STRIPS, however, aren’t for the faint of heart. They’re more volatile than the iShares 20+ Year Treasury Bond ETF (TLT), which makes the reward potential higher, but also the risk. With a duration of 24 years, that means this fund would, in theory, be expected to change in price by 24% for every 1% move in interest rates. Given that bonds are just as volatile as stocks right now, expect EDV to experience some wide swings. Still, I’m happy that this ETF exists as an option for investors and Vanguard does it better than anyone.

Vanguard Russell 3000 ETF (VTHR)

You hear a lot of people talking about the Russell 1000 index as their proxy for large-cap stocks and the Russell 2000 to represent small-caps. How about an ETF that invests in both of them at the same time? It may be a bit surprising that there are only two ETFs out there that track the Russell 3000 index - this one and the iShares Russell 3000 ETF (IWV). Even though IWV is six times larger than VTHR in terms of assets, VTHR has just half the expense ratio. With the AUM level more than large enough to ensure liquidity in trading, the Vanguard ETF is the easy choice for me.

Investors may ask what separates this ETF from the Vanguard Total Stock Market ETF (VTI) since both target the entire U.S. equity market. In terms of performance and volatility, you’ll probably see very little difference between the two. The big differentiator is portfolio composition. VTI invests in nearly 4000 stocks, most of the extras coming from the small- and micro-cap worlds. Many investors want to avoid this riskier end of the market altogether (even though it accounts for very little exposure within the fund itself). For some, paying a few extra basis points in cost might be worth it to avoid these tiny companies in their portfolios.

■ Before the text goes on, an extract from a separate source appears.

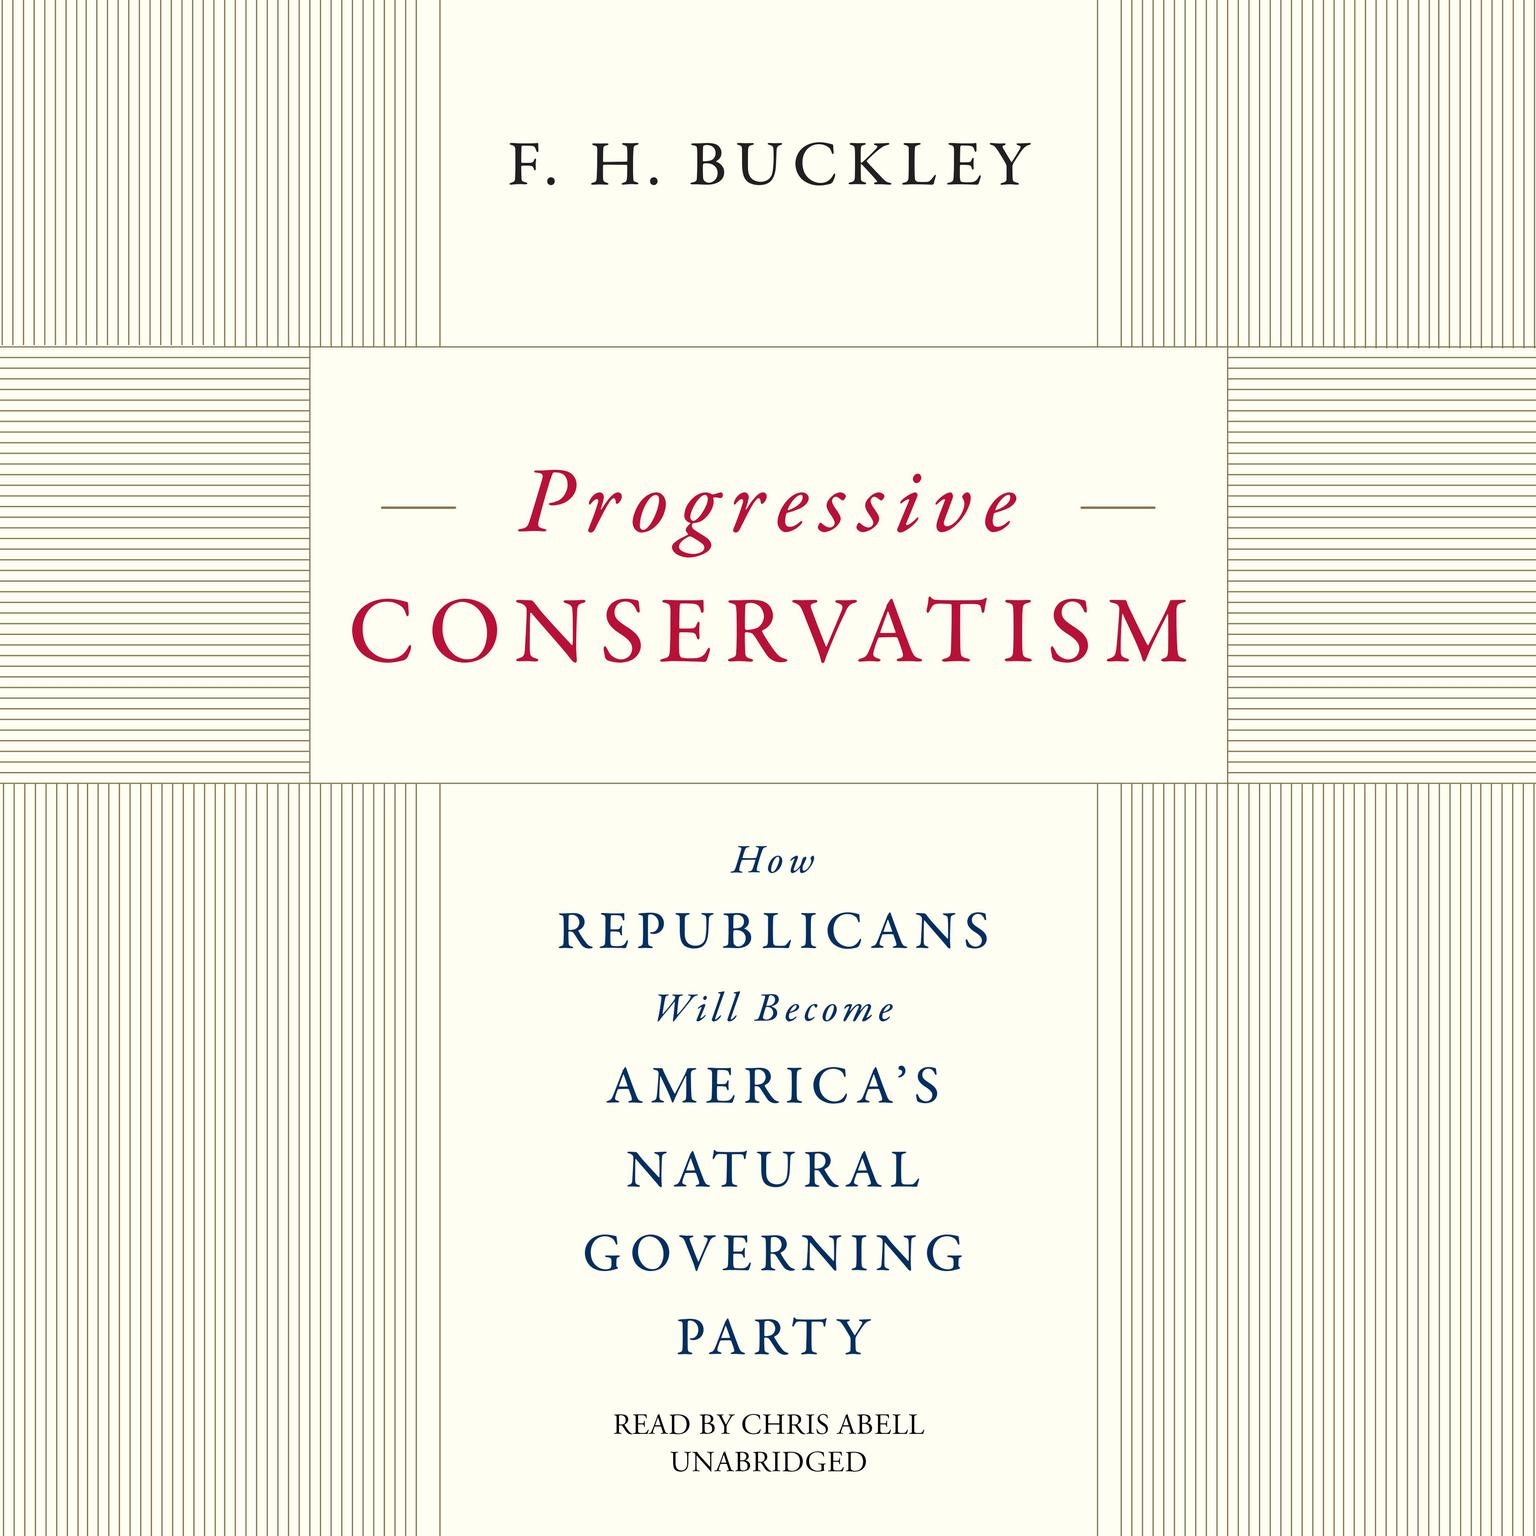 Progressive Conservatism: How Republicans Will Become Americas Natural Governing Party Audiobook, by F. H. Buckley

Vanguard Total World Bond ETF (BNDW)

This last ETF might be the best deal of all! The Vanguard Total Bond Market ETF (BND) has become the biggest bond ETF in the world with nearly $100 billion in assets. With such broad bond market coverage and a microscopically small 0.03% expense ratio, it’s easy to see why. But why not upgrade your portfolio to cover the entire global bond market? For just two basis points of additional expense, you can have it and it makes a lot of sense in most portfolios.

In reality, BNDW is just a 50/50 combination of BND and the Vanguard Total International Bond Market ETF (BNDX). For some, that 50/50 split will be too much exposure to the international markets. In that case, there’s nothing wrong with using BND and BNDX individually to create your own personalized asset allocation. Otherwise, BNDW does a great job of giving you both in a single product.